Drinks would be on the table and Matthew would just quench his thirst from any glass. "He has no concept of yours and mine," says his Mom who lives with him in Trelawny and would rather not have her name published. Her son's problem is one of social-adjustment, she says. "He will take other people's things. He does not know danger. He will put his hand into the flushing toilet."
The experience of Matthew's mother is an increasingly familiar one. Michelle Skeete, therapist based at Mico Care Centre in Kingston, states that what she is seeing, in terms of the numbers of autistic children coming in, is an epidemic. It could be about 10 per cent of all new births she says, an amazing and shocking rate for such a small country as ours.
She sees children who display the characteristic repetitive behaviour of the autistic child on an increasingly frequent basis. An autistic child can repeat one activity all day. Flashing, the shaking of the hand in excitement or distress, is also symptomatic. They can scream for hours and frequently do when over-stimulated by sights, sounds and even textures they find offensive or particularly delightful.
In Kingston, another mother, Eulyn Lee, speaks about one of her daughters. who is all of eighteen years old, but who shouts and screams like a two-year-old when she becomes excited about anything. She is accompanied by Mom Eulyn Lee everywhere, for her own safety and protection. Very few understand and are tolerant of the needs of her child. The challenge she faces will be one that many others will have to bear by the time their children pass the three-year age marker.
Locally, autism has become the single greatest disability affecting children and families struggle to meet their needs. And the condition is an epidemic, specialists who deal with them locally say. Autism is a complex developmental ability which typically puts in its appearance during the first three years of life. It is the Result of a neurological disorder which affects the way the brain functions. According t to the centre for Disease Control and Prevention 2001, autism has been associated with between 2 to 6 persons in every 1000 in the population. Autism affects boys four times as often as girls. In 2002, other national sources put that figure at 1 in 250.

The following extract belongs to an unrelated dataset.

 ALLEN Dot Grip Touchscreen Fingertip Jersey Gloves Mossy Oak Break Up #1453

Autism affects the normal development of the brain in the areas of social interaction and communications skills. Children and adults usually have difficulty with verbal and non-verbal communication skills as well as social interactions, and leisure and play activities.

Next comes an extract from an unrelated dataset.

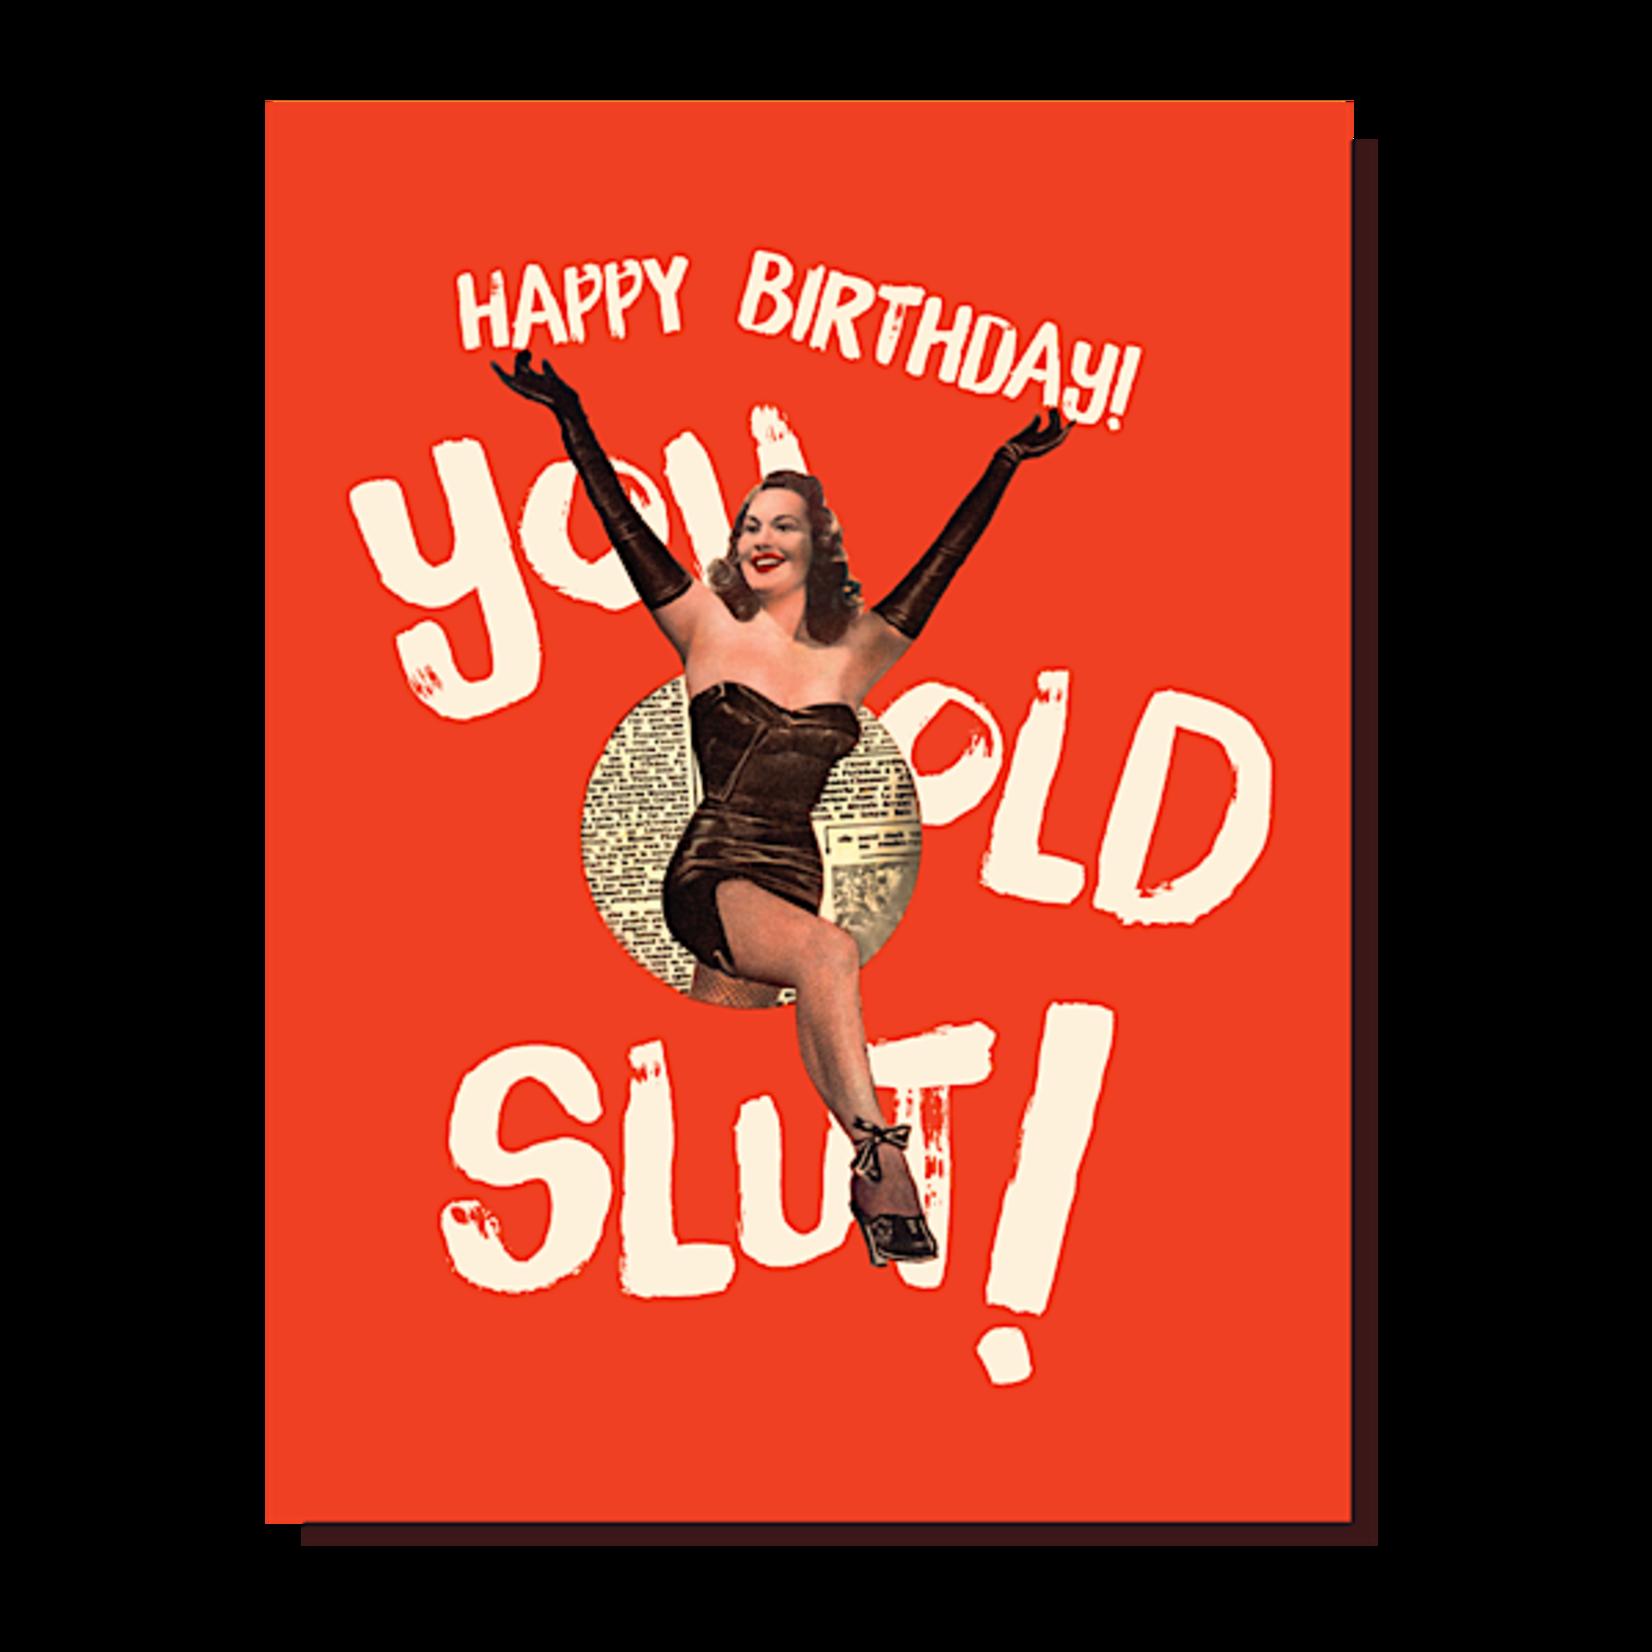 Card - Happy Birthday You Old Slut

The disorder, the experts note, make it difficult for them to communicate with others and relate to the outside world. In some cases, aggressive and/or self injurious behaviour may be manifested. Persons with autism may also display repetitive body movements such as hand flapping and rocking, unusual responses to people or attachments to objects. They may also show resistance to changes in routine .
Individuals may also experience sensitivities to the five sense of sight, hearing, touch, smell and taste. Dr. Judith Tapper, local paediatric neurologist states that the increased incidence of Autism locally has much to do the with greater ability of our doctors to diagnose the Condition. The young patients, she says, present mainly language delays, social and cognitive difficulties, ritualistic behaviour. In her practice, she sees a scattering along the spectrum, ranging from those who are very involved to those with the Asperger version of the condition who function at a higher level. Could there be a connection between the increased incidence of the condition and something in the environment?.

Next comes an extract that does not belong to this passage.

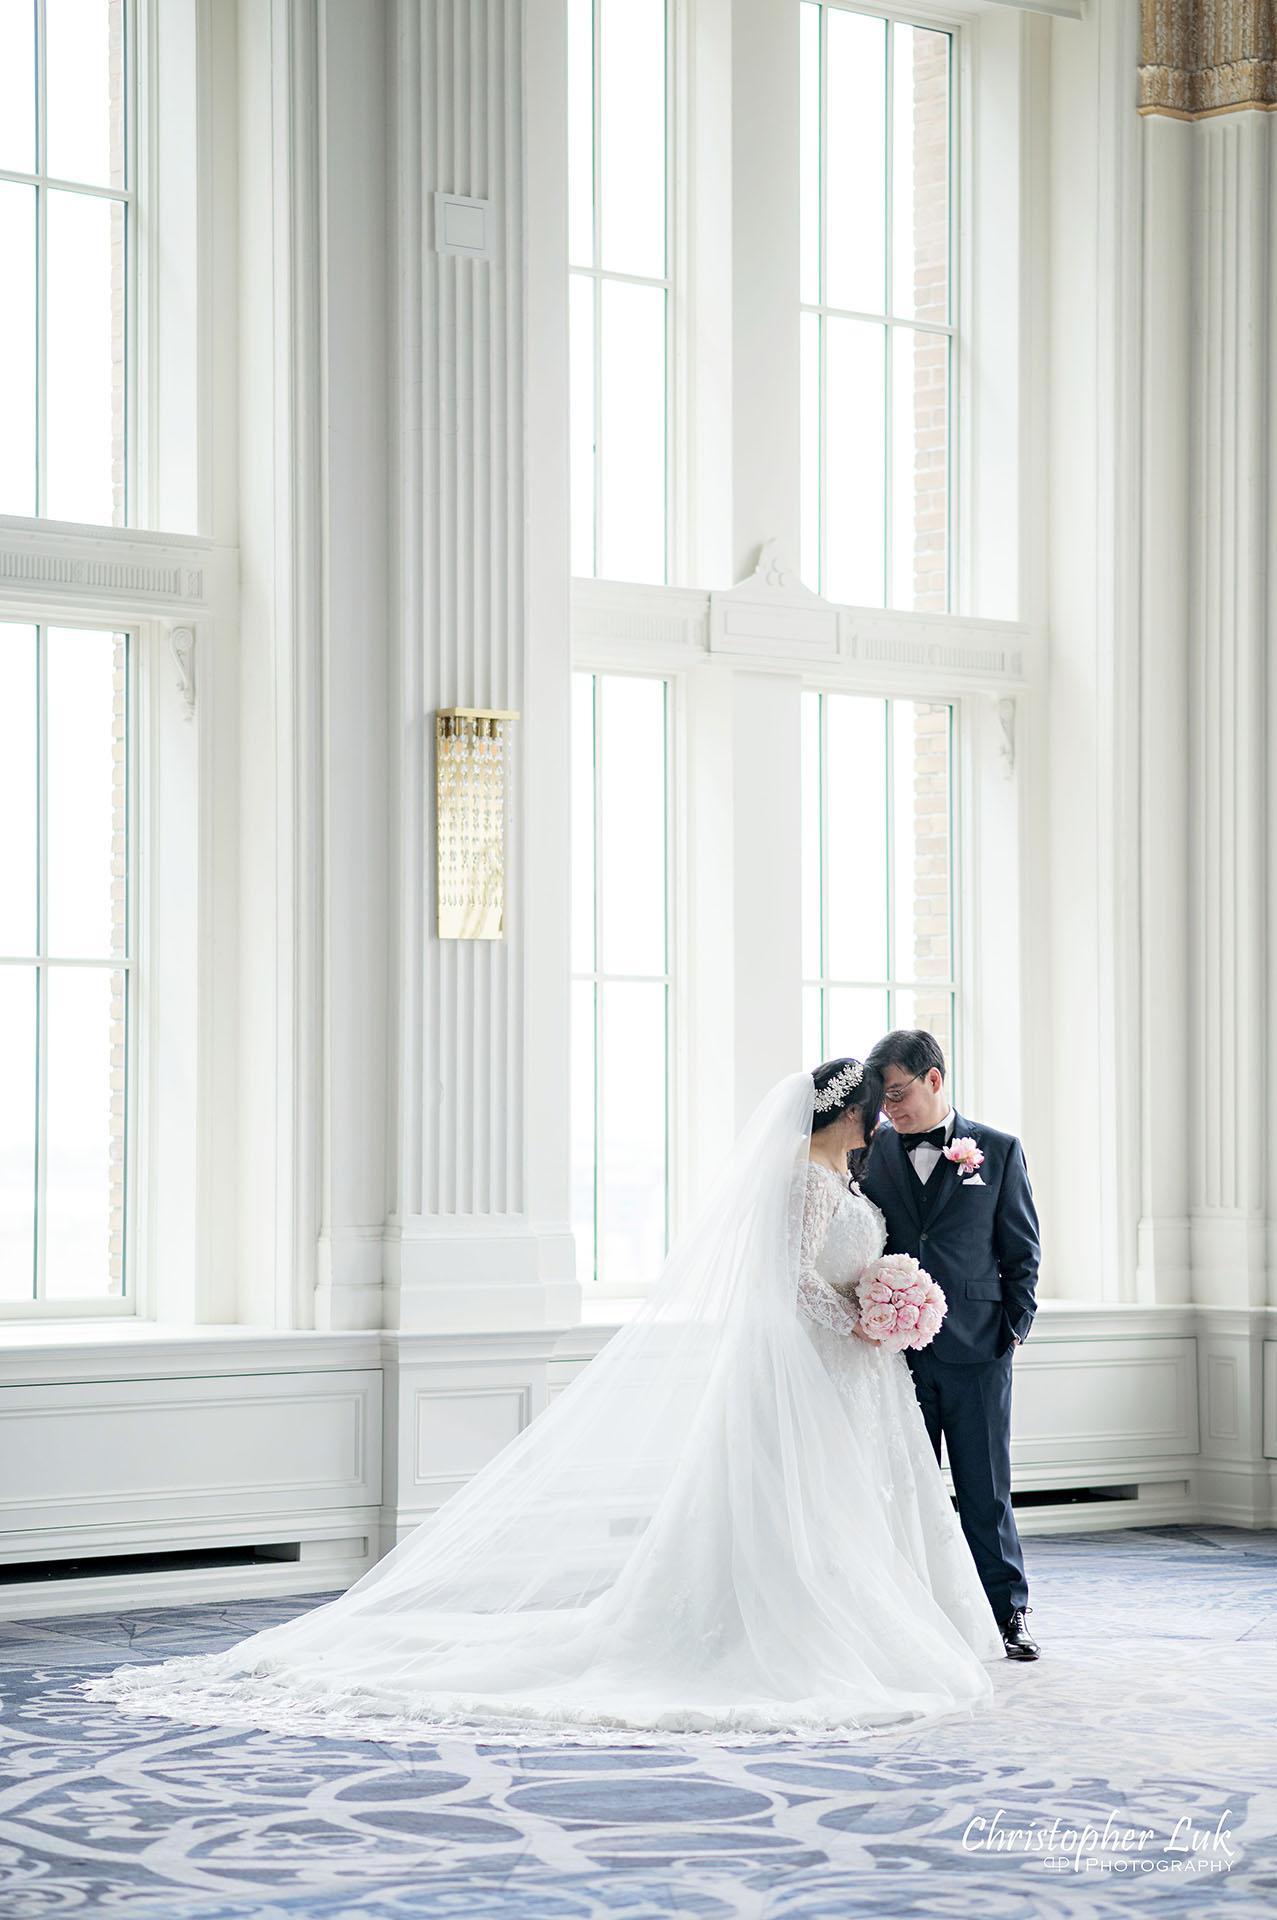 King Edward Hotel Crystal Ballroom Toronto Wedding Photographer MicroWedding Bride Groom Embrace Portrait

In the United States where the number of autistic children has also skyrocketed, Committee of the House Senate will soon here testimony from scientists from three countries conducting research into possible relationships between vaccines and neurological disorders, including autism.
One line of current research questions whether a mercury-based preservative used for years in children's vaccines weakened the immune systems of some children and made them more susceptible to adverse reactions to the Measles, Mumps, Rubella (MMR) vaccine. Another line contends that the it may be the one-shot combination of the Measles, Mumps and Rubella vaccine which might be causing the negative reaction. The vaccine for measles, mumps and rubella called MMR is given at 12 months and also to females in the reproductive age group.
In yet another theory, researchers of other nations have proposed that there might be a link between the vaccine ingredient thimerosol and autism. Thimerosal is the mercury-based preservative used in some vaccines. In 2001, the American centre for disease control requested that the ingredient be removed, in light of parent's concerns. Here in Jamaica, the authorities have stated their belief that such issues as are being raised abroad will only jeopardise our much valued immunisation programme.
Other scientific research which has stated that there is no link between the MMR, thimeresol, vaccinations and autism are being ignored, they contend. It has been further noted that immunising children is not only a health issue but a matter of sound economics. Every US$ dollar spent on the measles-mumps-rubella vaccine saves US $21 in later health-care costs, the experts say. But, in the case of the MMR is the health of the affected minority being sacrificed for the greater good?
The parents of autistic children want to know. Eulyn Lee, who tries her best to keep abreast of current research says that she is feeling more hopeful now. If autism has an environmental cause, then maybe something can be done to reverse the effects on her daughter, she says.